The weather has been incredibly warm this weekend. Perfect, really, for a long weekend. Thursday evening I went to have a drink with my friend S. It was nice to hang out, just us women. We talked about this new job of mine, about whether she and her husband R will buy a condo or move out of their current apartment, and about me and me and E. My friend S is a therapist by trade, so she's good at making me feel like it's okay to have the emotions I have. It's so funny because I don't want to 'use' her like a therapist. She's my friend. But she loves being a therapist so much that she will sometimes prompt me to process. She is encouraging me to find a therapist for both me and T. I do want to do that. I've just been putting it off for other things, lately. But she told me to not feel bad about feeling sad sometimes when I'm around E, and to not blame myself for not being able to be really excited for the baby to come. I've heard all of that before, and I know that those feelings are normal, but I still can't help feeling bad that I can't get excited. I want to be excited about the baby, and it sucks that I just can't be.
Anyway, last night we went out to a super yummy dinner with my parents and my brother and sister-in-law's exchange student from Poland. She's a good kid. Since my brother's family lives in NH, just over the border, she was grateful to be in the city for a little bit. I had rack of lamb stuffed with cheese, olives, sun dried tomatoes and mushrooms with porcini ravioli. It was super delicious.
Today E is having a birthday cookout for herself. I've made potato salad and we bought the fixins for raspberry lime rickeys (with raspberry Stoli for those who want to indulge). I'm also going to make rice crispy squares since they're so easy and everybody loves them. Her friend L and her daughter M are going to be there. L's husband died suddenly a little over a year ago. I've only met her a couple of times, but it just makes me so sad to think of it. It's weird that because of her great loss, the concept of her daughter doesn't make me as sad as it might ordinarily do. My only worry is that when we all hang out that the only thing that people are going to be able to talk about is baby stuff, and that will definitely bum me out. I just don't have anything to contribute to those conversations. E and I are supposed to hang out with another friend and her fiance next weekend, and I worry about the baby discussions when that happens, too. I guess I'll just have to deal.
T and I talked about the new job more last night. It looks like I'm going to take it. It will make my days longer with the longer commute, but it's better than being totally bored and alone all day in my windowless office. I still need to look at the benefits, but I can't imagine they'll be so bad that I won't take the job. I'm excited but very nervous.
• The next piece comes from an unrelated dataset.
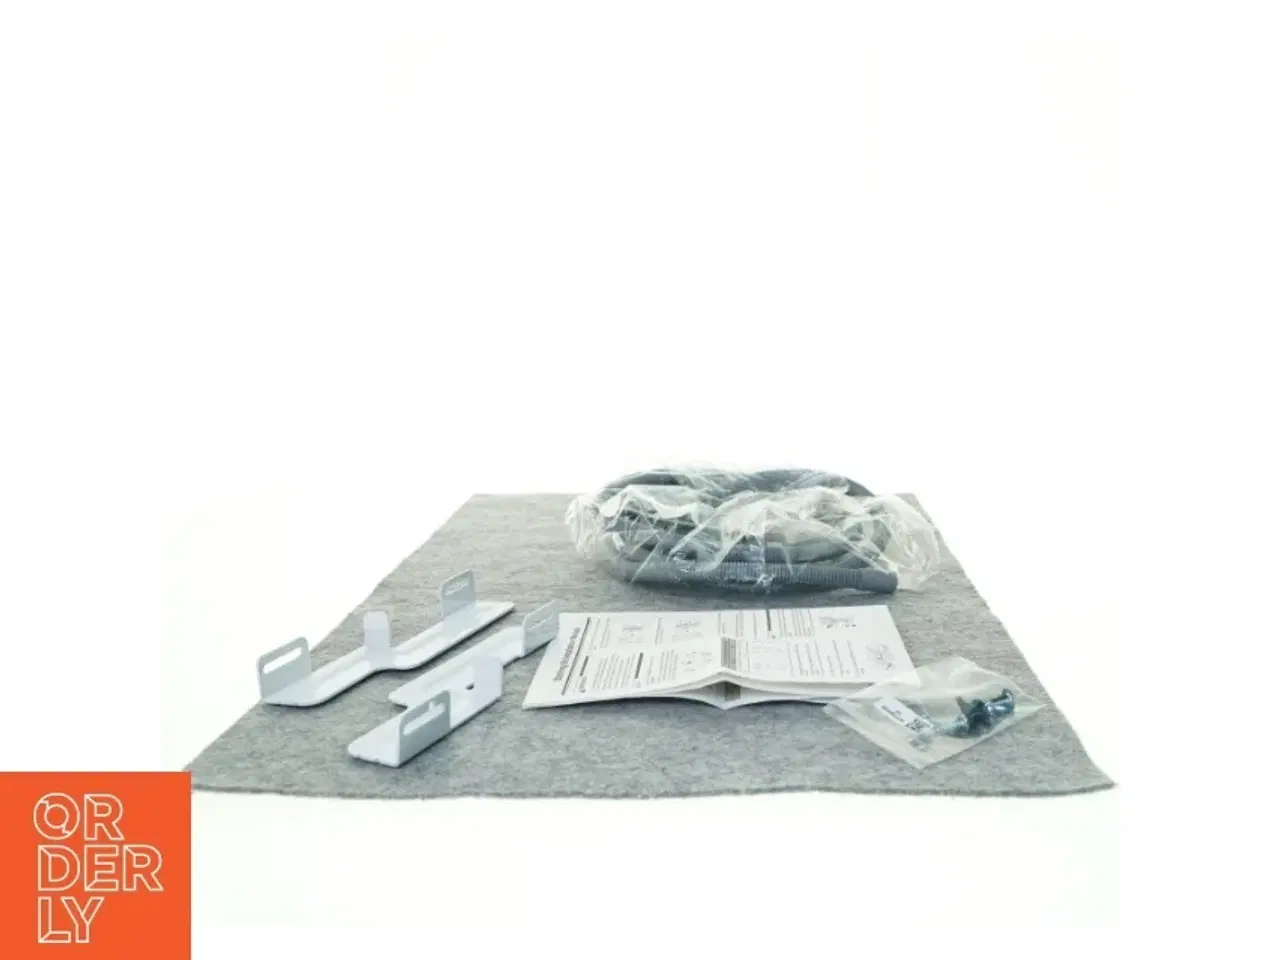 Billede 1 - Stacking kit og slanger til LG vaskesøjle I ORIGINAL EMBALLAGE (str. 24 x 22 cm)

Also, I'm supposed to be fertile this weekend, but I totally haven't been. I don't know what's going on. Maybe all the stress from last week pushed me forward a bit. But I'm nervous that I'm going to miss it and we're going to miss our window of opportunity this month. But that's probably me just being paranoid. Still, I'm not seeing any signs that I'm fertile at present moment.
Ah, rolling with the punches. I kind of suck at that.